Keywords: sarcoma, Ewing’s sarcoma, synovial sarcoma, Oncology, chemotherapy
Introduction
While malignant small, blue round cell tumors, Ewing’s sarcoma (ES), synovial sarcoma (SS), and lymphoma share histology, markers, and clinical presentation, the prognosis and treatment differ for each. In ES, the second most common primary malignant bone tumor which occurs most often in adolescents, 20152770 ES is characterized by markers including the sensitive but poorly specific CD99,1 EWSR1-FLI1 and EWSR1-ERG gene fusions.2 In 85% of ES cases, the translocation t(11;22)(q24;q12) is found.3 Because of micro-metastasis, the most successful management is polychemotherapy, such as COG AEWS1030, Regimen A, accompanied by adjuvant surgical treatment.4–6
Lymphoma is similarly characterized with the finding of mixed small round blue cells on histology; however, it is negative for the CD99 marker and lacks the translocation t(11;22). Its tumor marker profile includes CD20, CD45, and lymphocyte common antigen among others. The most successful treatments for lymphoma are multi-agent chemotherapy – cyclophosphamide, doxorubicin, prednisone, and vincristine – with radiation added for local control in persistent disease.
SS is a rare metastatic soft tissue tumor most commonly diagnosed in 15–30-year-olds.7 Ninety percent of SS cases are positive for the translocation t(X;18)(p11.2;q11.2),1 and 95% are positive for SS18/SSX1, SS18/SSX2, and SS18/SSX4 gene fusions.8 While surgery and radiation therapy have achieved excellent local control, distant metastasis limits overall survival.9 To date, we have found that no randomized trial has been established in order to study the role of chemotherapy as a treatment modality for SS. Our case study demonstrates the use of chemotherapy in augmenting positive results in the long-term treatment of SS tumors.10,11
Case Report
In January 2012, a 24-year-old male presented with a 5-month history of a growing soft tissue mass on the medial aspect of the right elbow. Magnetic resonance imaging (MRI) demonstrated a (6.5×4.9×8.5 cm) well-circumscribed, heterogeneously enhancing soft tissue mass within the medial aspect of the distal biceps with mass effect on the median nerve and brachial vasculature (Figure 1).
 |
Figure 1 Right elbow MRI series showing a large heterogeneously enhancing and likely hemorrhagic mass with dilated vascular structures within the medial aspect of the distal biceps: axial view post-contrast (A), coronal view post-contrast (B), and sagittal view (C). |
A core needle biopsy revealed sheets of round to oval, medium-sized cells with atypical chromatin and nucleoli. Flow cytometry showed a population of cells consistent with ES, and the immunohistochemistry was positive for the CD99 marker characteristic of ES. The specimen did not demonstrate S100, CD45, myogenin, desmin, and panCK markers. Thus, the presumptive diagnosis was a soft tissue ES negative for classic EWSR1 rearrangement on chromosome 22, through both chromosomal and FISH analysis.
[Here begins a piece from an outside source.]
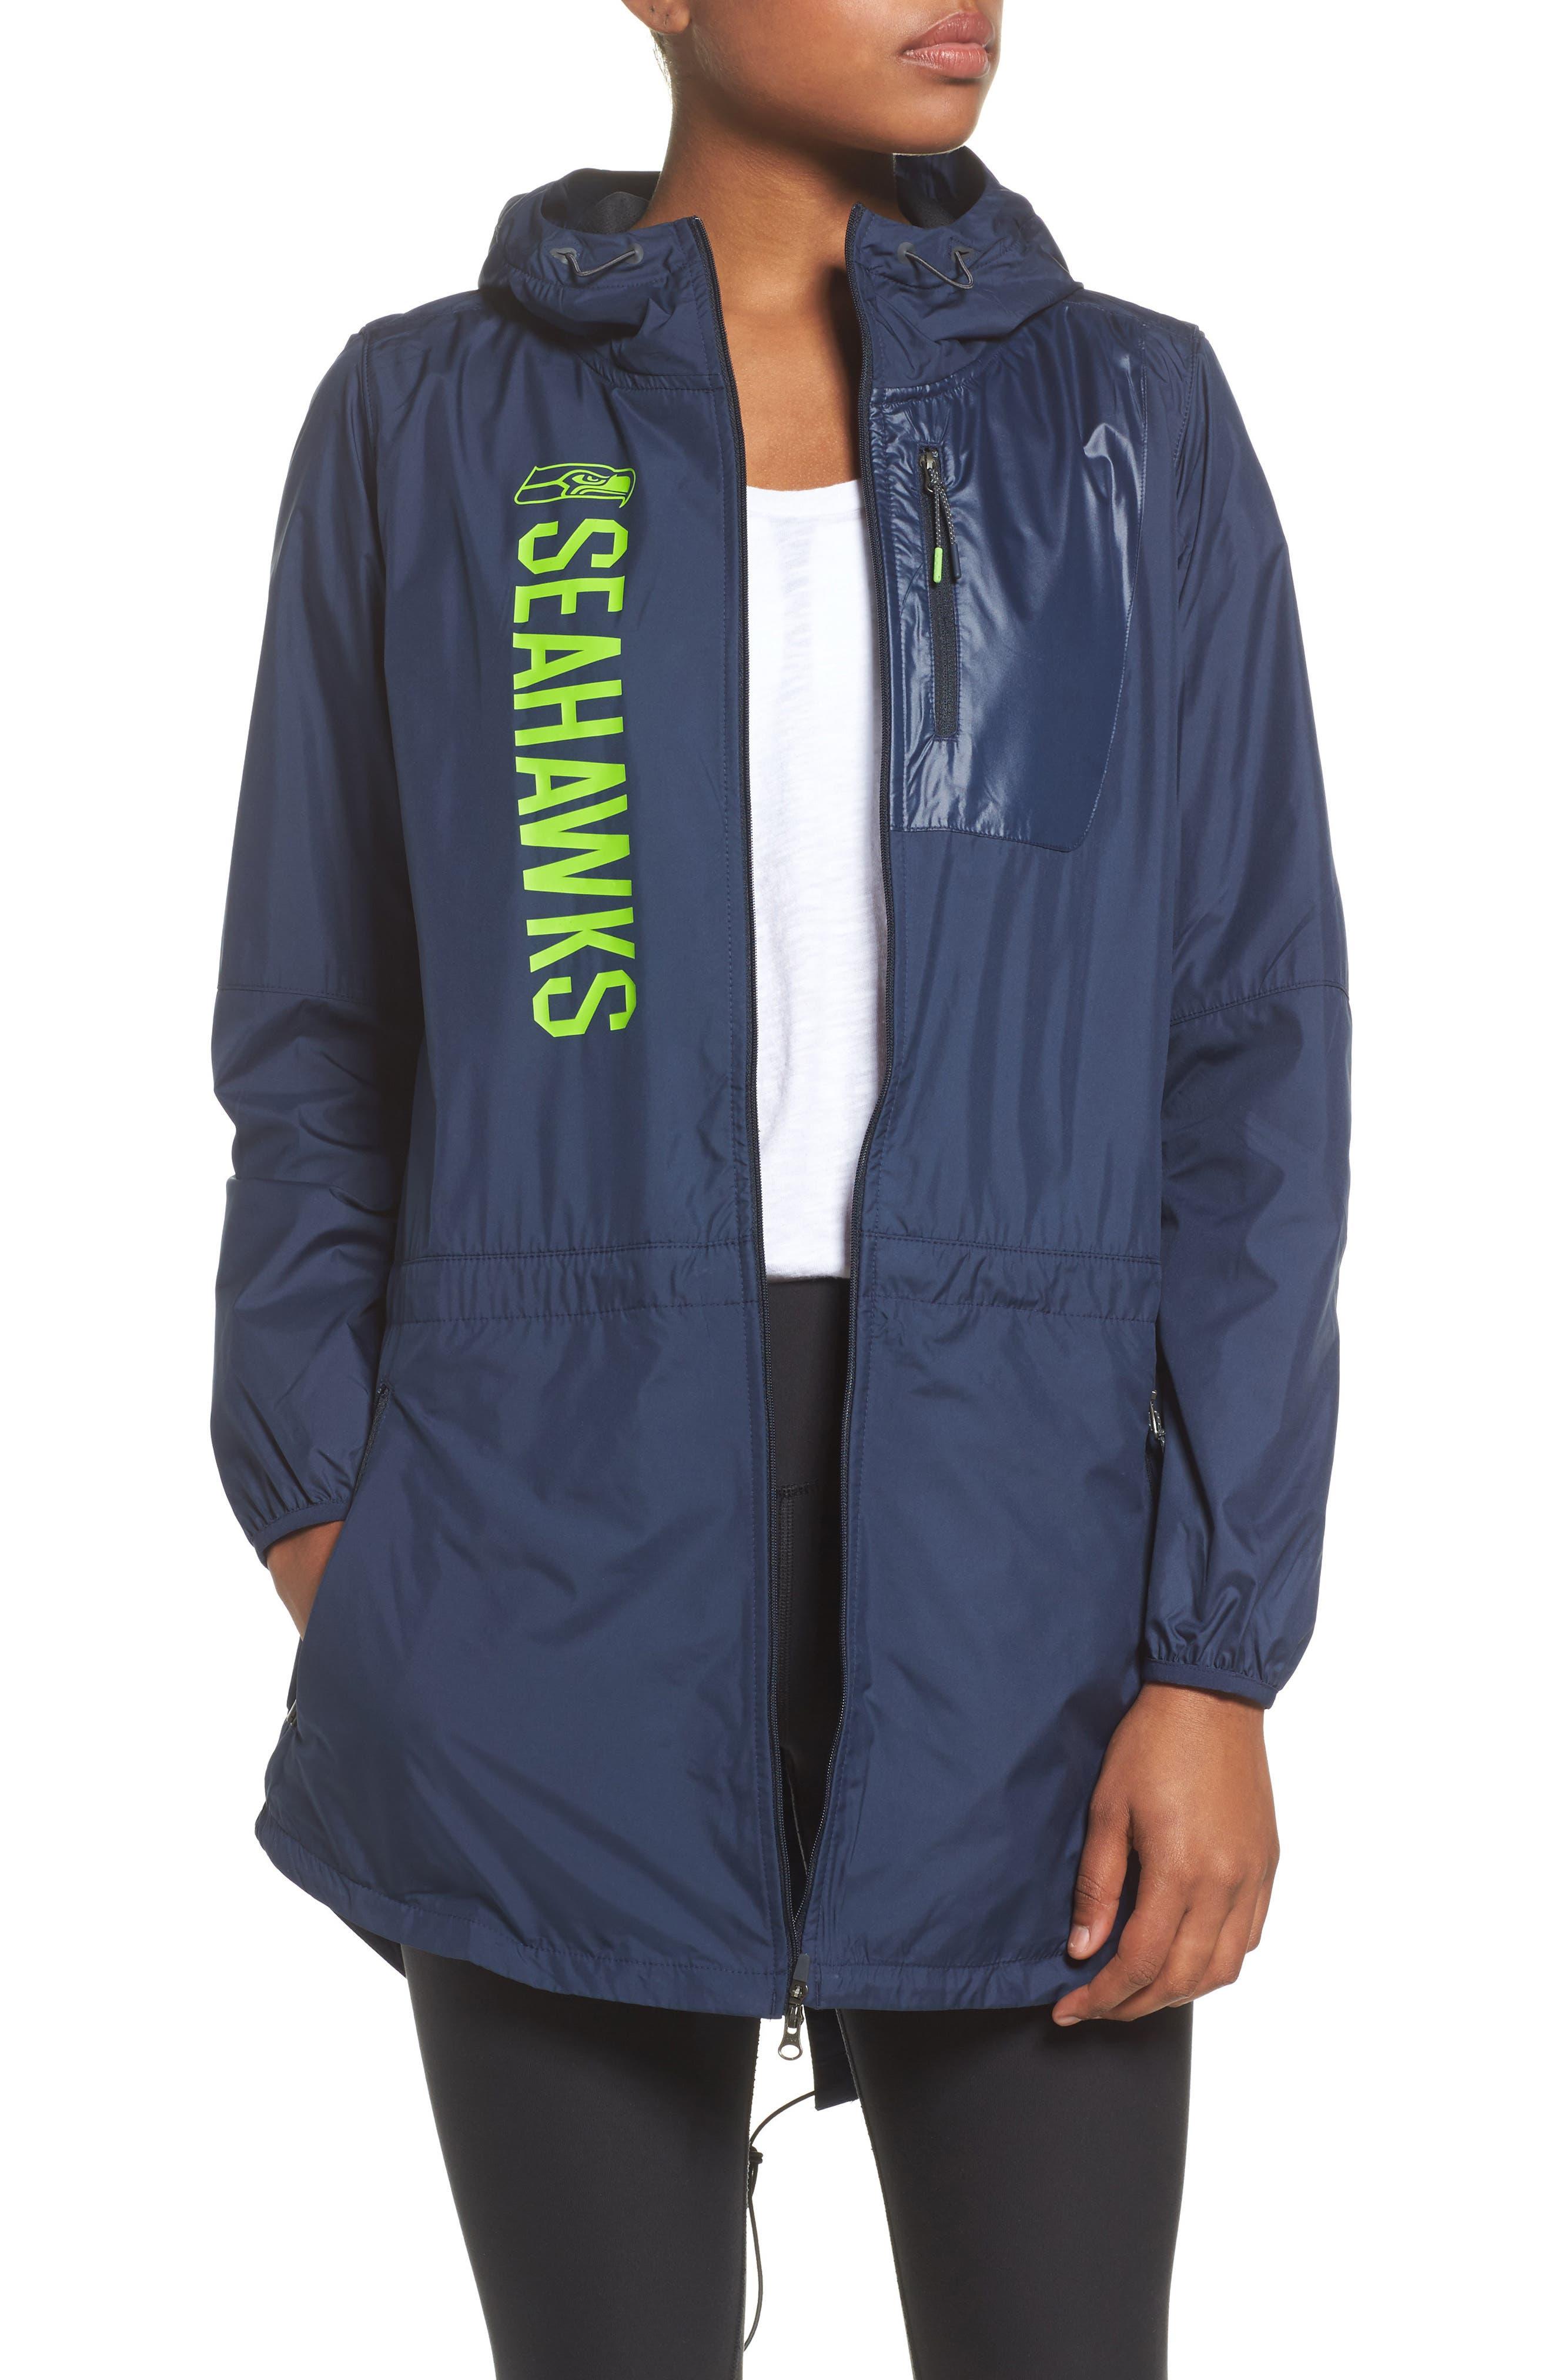 Main Image - Nike NFL Packable Water Resistant Jacket

Subsequently, the patient was treated with chemotherapy COG AEWS 1031, Regimen A protocol with vincristine, doxorubicin, cyclophosphamide, and mesna. A post-chemo MRI demonstrated a successful response to the protocol with a documented reduction in tumor mass size of 4.8×3.6×5.5 cm. A follow-up surgical wide resection of the mass with medial epicondyle resection and medial and ulnar nerve neuroplasty was then performed. On pathology, the tumor size measured 4.7 cm in greatest diameter, with 85% of the mass demonstrating necrosis and myxoid degenerative changes. Examination of all biopsy margins showed no atypia or malignancy.
The resection yielded significantly more tumor to evaluate, and additional morphologic features such as overlapping hypercellularity as well as some focal spindling led to additional testing. Immunohistochemistry was then repeated on the surgical specimen and confirmed positivity for CD99 (most characteristic of ES) and for BCL-2 and EMA. EMA and BCL-2 staining are more routinely observed in synovial sarcoma rather than Ewing’s sarcoma. Bone marrow aspirates and core biopsies revealed erythropoiesis with normal tri-lineage hematopoiesis without evidence of metastatic ES. Following a re-evaluation of pathology, additional molecular FISH testing was ordered on the new resection specimen to rule out a synovial sarcoma.
Furthermore, the rearrangement of SS18 (18q11.1) was documented in 100% of the nuclei, a finding which is characteristic of SS tumors. An additional finding was the translocation involving the short arm of the X chromosome and the long arm of one chromosome 18 homolog [ie, t(X,18)(p11.2;q11.2)] or a three-way translocation involving the short arm of the X chromosome, the long arm of one chromosome 18 homolog, and the long arm of one chromosome 5 homolog [ie, t(X, 18;5)(p11.2;q11.2;11.2)]. With these additional identified translocations, the tumor was reclassified as a monophasic SS neoplasm.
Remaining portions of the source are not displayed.